Впрочем, Смирнов не удивился. Еще ночью, сжавшись комочком под тонким одеялом, чувствуя всей кожей холодное дыхание первых заморозков, он знал, что утром произойдет что-то страшное и гадкое. Ледяной воздух далекого глухого леса не давал ему согреться; запахи прелой листвы и тины, шорох поникшей травы, хруст веток мешали уснуть. Крик внезапно застигнутой птицы врывался в его дремы, тревожил, звал на помощь. Смирнов не хотел идти, он стонал, ворочался, подтягивал колени к животу, но что-то неизбежное уже шумело, грохотало, накатывалось…

Он поежился, пнул носком ботинка склеившиеся желтые листья. Девушку нашли рыбаки. «Как всей да, – вяло подумал Смирнов. – Если бы не рыбаки, наши реки были бы полны рассыпавшимися скелетами, неопознанными трупами, объеденными голодными зубастыми рыбами. В отделениях висели бы бесконечные списки пропавших без вести, люди приносили бы к рекам погребальные венки, а рыбы вырастали бы огромными и жирными, они выпрыгивали бы из воды…» Мысль была настолько омерзительна, что Смирнов решил ее не додумывать.

А труп его встревожил. Располосованное белое тело с узкими провалами темной плоти не нравилось Смирнову. Золотистые волосы смешались с листьями, испачканные в грязи и тине руки словно пытались врасти в землю. Тело хотело остаться в этой желтоватой от глины почве, прорасти корнями-пальцами, уйти в темноту кротовьих нор. Оно не хотело в морг.

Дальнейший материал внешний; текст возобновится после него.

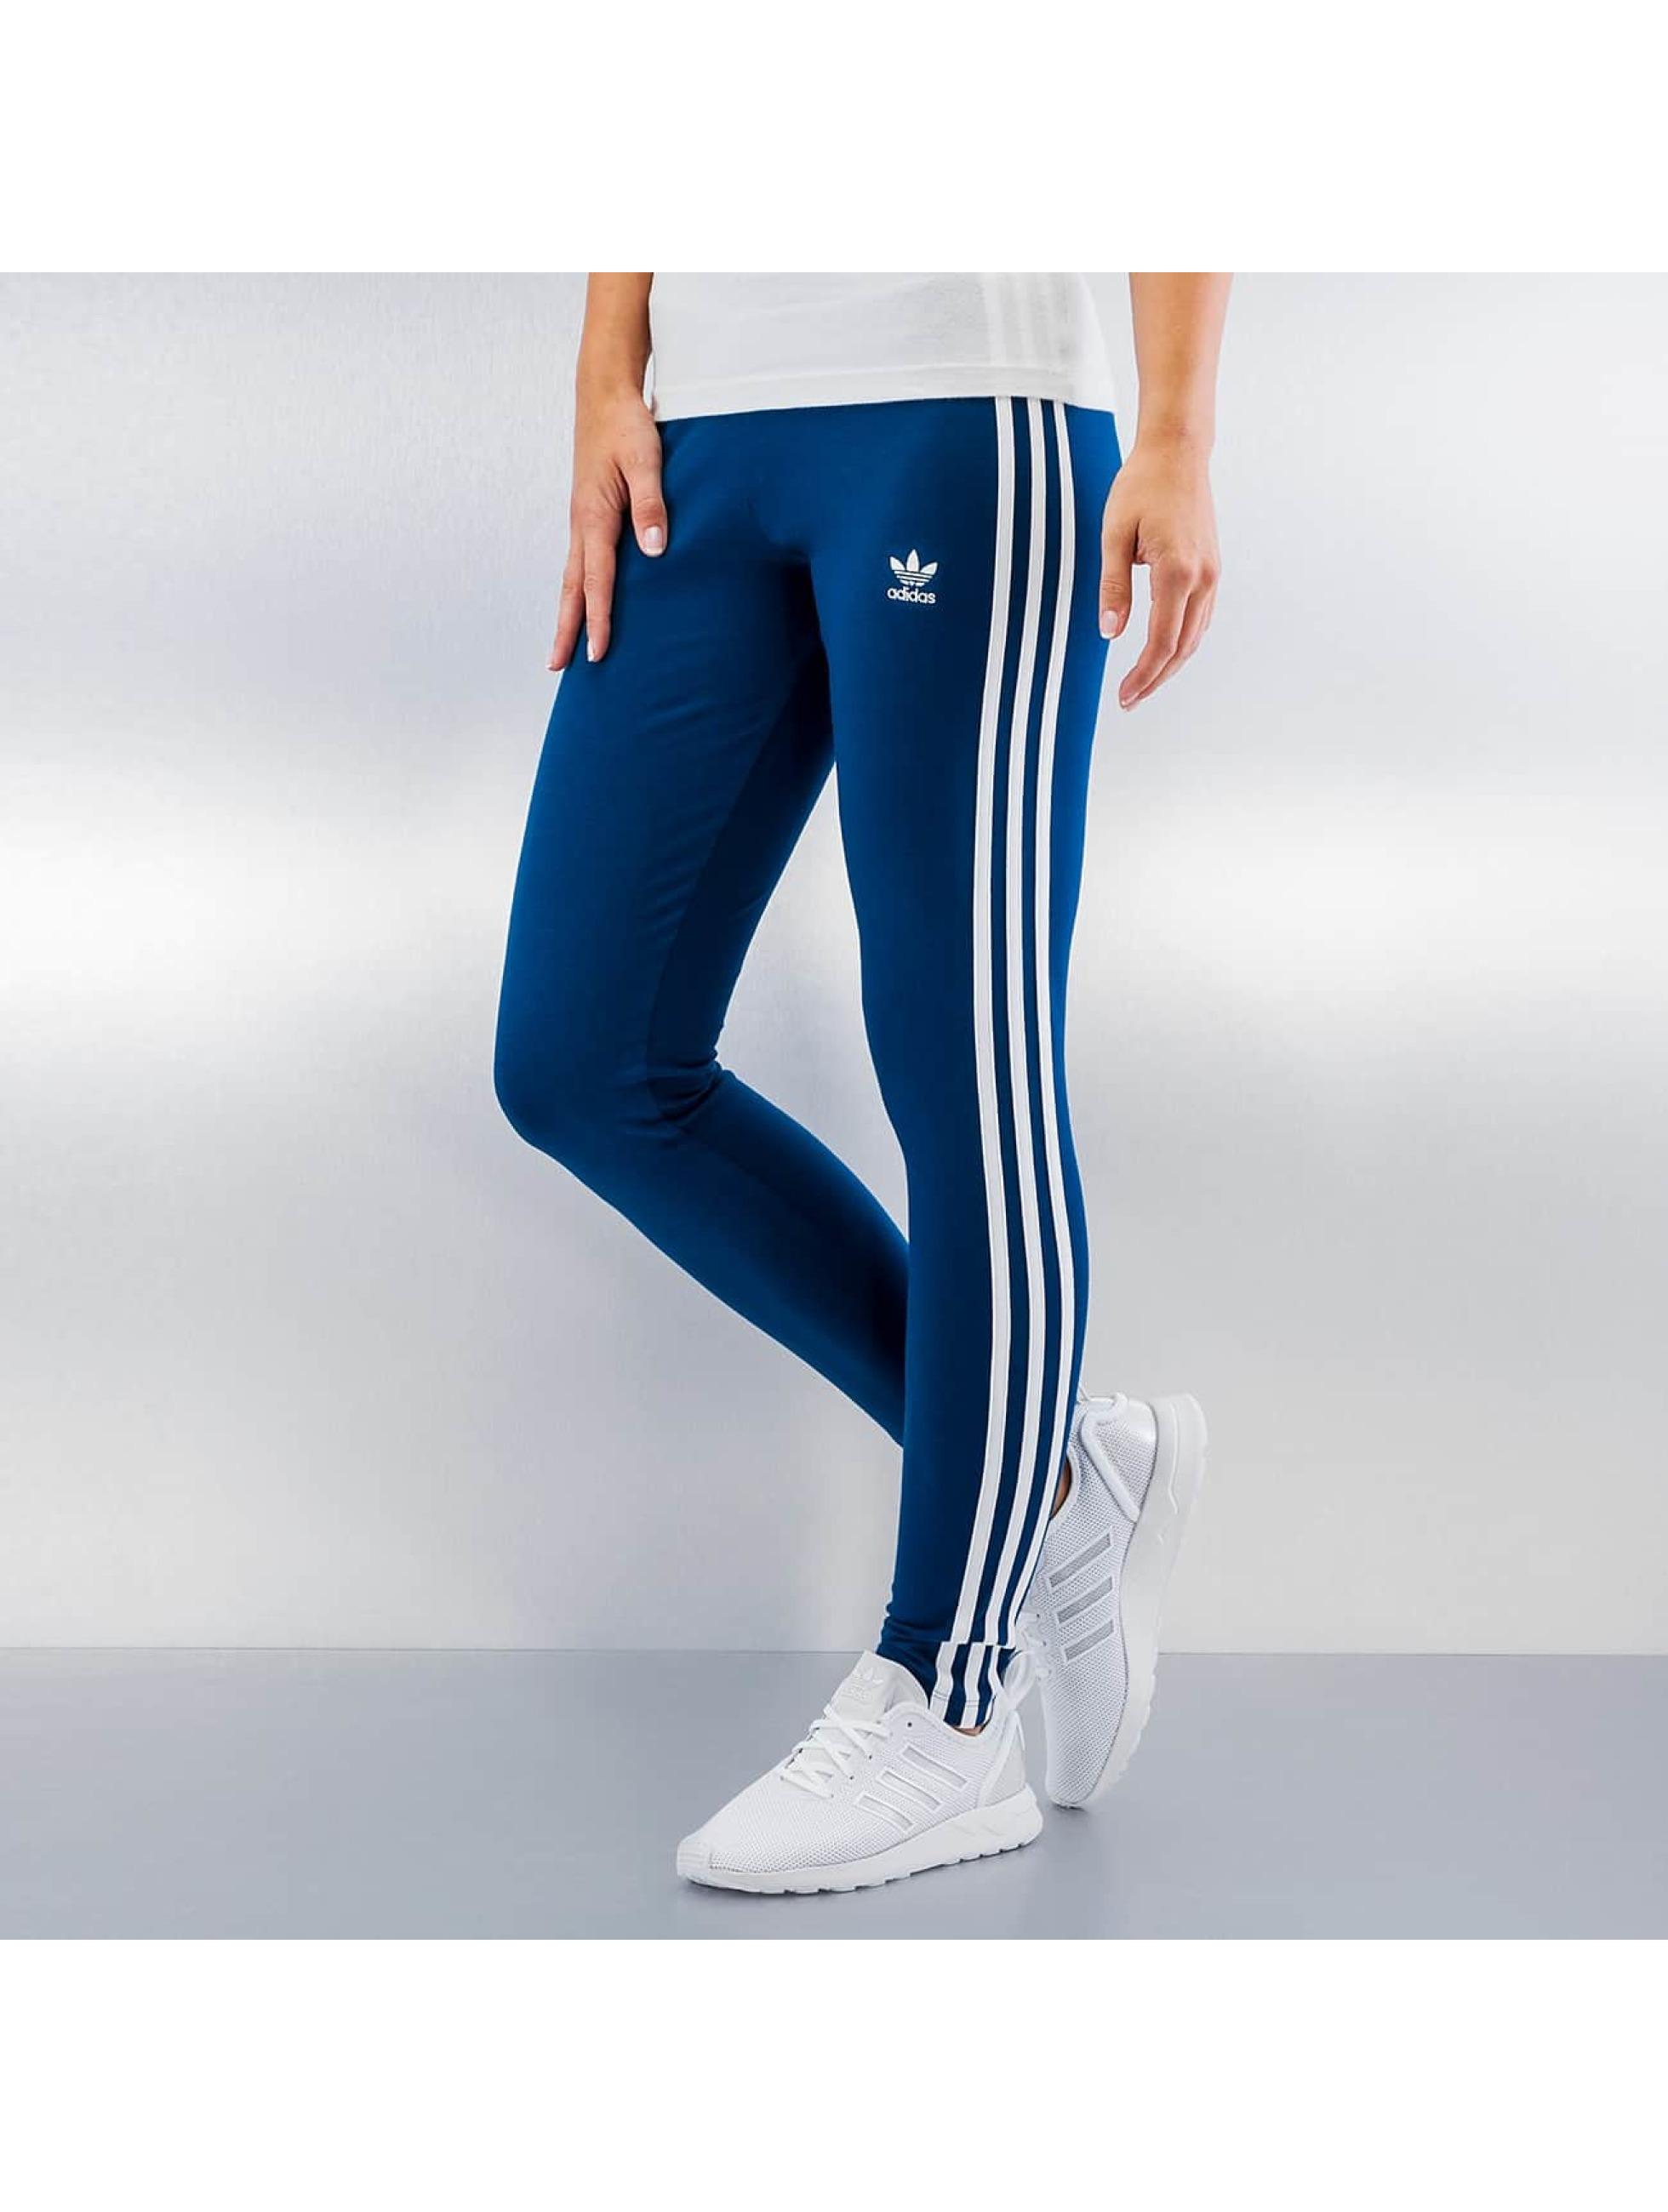 Adidas Pantalon / Leggings 3STR en bleu 285494

– Поверить не могу, есть документы! – раздался над ухом довольный голос опера. Следователь прокуратуры Анатолий Смирнов вздрогнул, поморгал и сделал вдумчивое лицо. – На ней была маленькая жилетка с карманом, а в ней – пропуск в институт. Фамилия, имя. Малова Елена. Не помню такой среди потеряшек.

– Да, – согласился со всем сразу Смирнов, – Надо съездить, поговорить.

– Не раньше чем завтра, – развел руками опер, – Ты ж знаешь…

– Да, – хотя он не знал. – Ладно, давай сюда. Я сам поеду.

Направляясь к теплой, старательно пыхтевшей мотором машине, Смирнов обернулся. Река темной блестящей лентой уходила от невысокого берега с мертвой, зверски зарезанной Еленой вправо и влево. Вправо – к жилым кварталам города Москвы. Влево – к далекому глухому лесу.

– Значит, вы пошли в казино. Дальше? Рассказывайте, рассказывайте.

Девушка всхлипнула.

Рассказывать было особо нечего. Сэкономив правдами и неправдами долларов по сто, они с Леной Маловой ходили по субботам в казино. Да, в одно и то же, «Гранд Рояль». Потому что их там уже знали и пускали. Играли совсем чуть-чуть, в основном строили глазки и пытались познакомиться. Нет, вы не подумайте, просто где же еще иногородняя девушка может…

– Я не думаю, – сказал Смирнов и обманул. Он думал. Помимо всего прочего, он думал, что почему-то никто не идет знакомиться на стадион. Или в туристическую секцию. Хотя тоже неизвестно, кого там можно встретить.

Но все золотоволосые иногородние девушки считают, что самое лучшее место для знакомства с мужчиной – это казино. А потом их находят рыбаки.

– Вы хорошо его запомнили?

– Так. – Подружка пожала плечами. – Высокий, массивный, плечи широкие. Очень коротко стриженный, почти бритый. Одет шикарно…

– А лицо? – не выдержал Смирнов после трех минут описания костюма, рубашки, туфель и бумажника.

– Ну, – девушка замялась, – опухший он какой-то был. Один глаз вообще заплывший. Зато второй – злой такой и пронзительный, как у ме… ээ… Злой, в общем.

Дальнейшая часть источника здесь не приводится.